Proving that the multiplicative group modulo $2^r$ are cyclic iff $r<3$

Question

No idea how to start, can someone give me a hint?

Show that $(\mathbb{Z}/2^r\mathbb{Z})^*$ is a cyclic group if and only if $r<3$.

Answer 1

Hint: It is easy to verify directly that the group is cyclic if $r=0$, $1$, or $2$.

To show the group is not cyclic if $r\ge 3$, note that in a cyclic group the equation $x^2=1$ has at most $2$ solutions. But if $r\ge 3$, then the congruence $x^2\equiv 1\pmod{2^r}$ has, beside the two obvious solutions, solutions $x\equiv 2^{r-1}\pm 1\pmod{2^r}$.
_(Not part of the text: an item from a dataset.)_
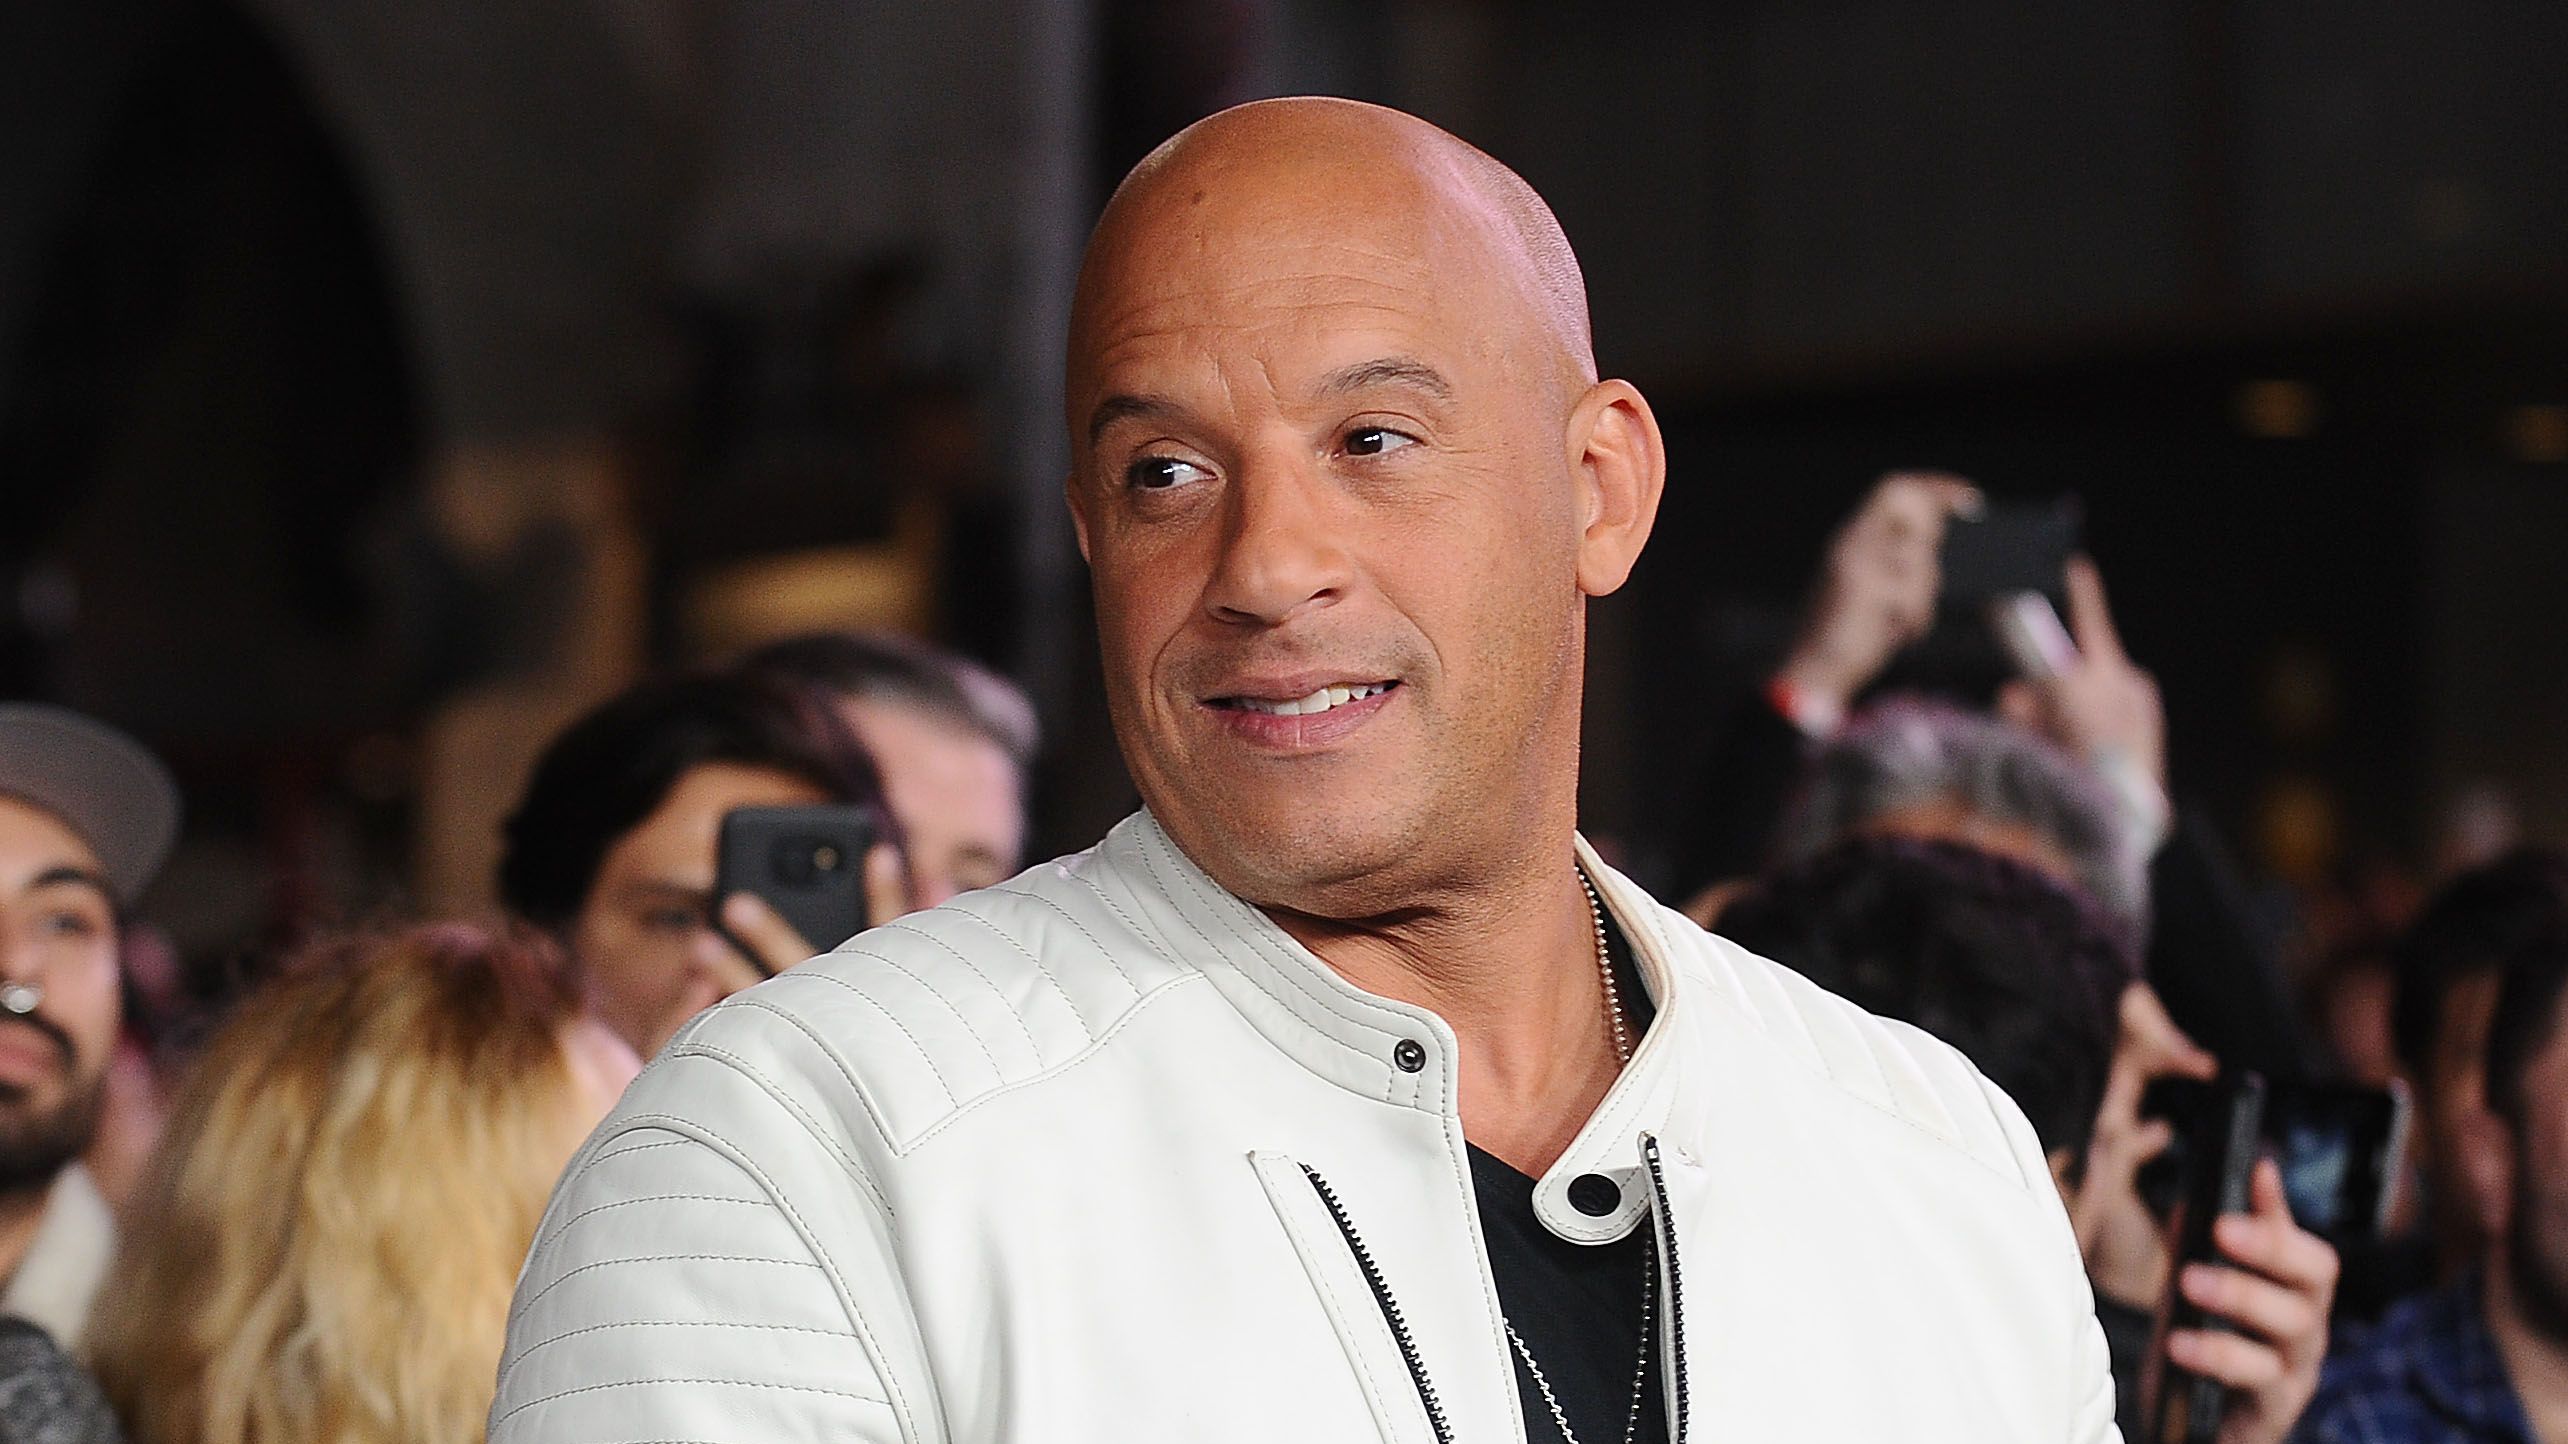 https://hips.hearstapps.com/hmg-prod/images/actor-vin-diesel-attends-the-premiere-of-xxx-return-of-news-photo-1612209263.?crop=1xw:0.78848xh;center,top

Added: We show that if a finite group $G$ is cyclic, then the equation $x^2=1$, where $1$ is the identity element, has at most two solutions.

Let $G$ have $n$ elements, and let $g$ be a generator of $G$. So every element of $G$ is of the shape $g^k$, where $1\le k\le n$, and $g^n=1$.

Suppose that $x^2=1$. Then $x=g^t$ for some $r$ between $1$ and $n$, and $g^{2t}=1$. It follows that $2t$ divides $n$. If $t\ne n$, then $2\le 2t\lt 2n$. Thus we must have $2t=n$. We conclude that there is at most one solution of $x^2=1$ other than the trivial solution $x=1$.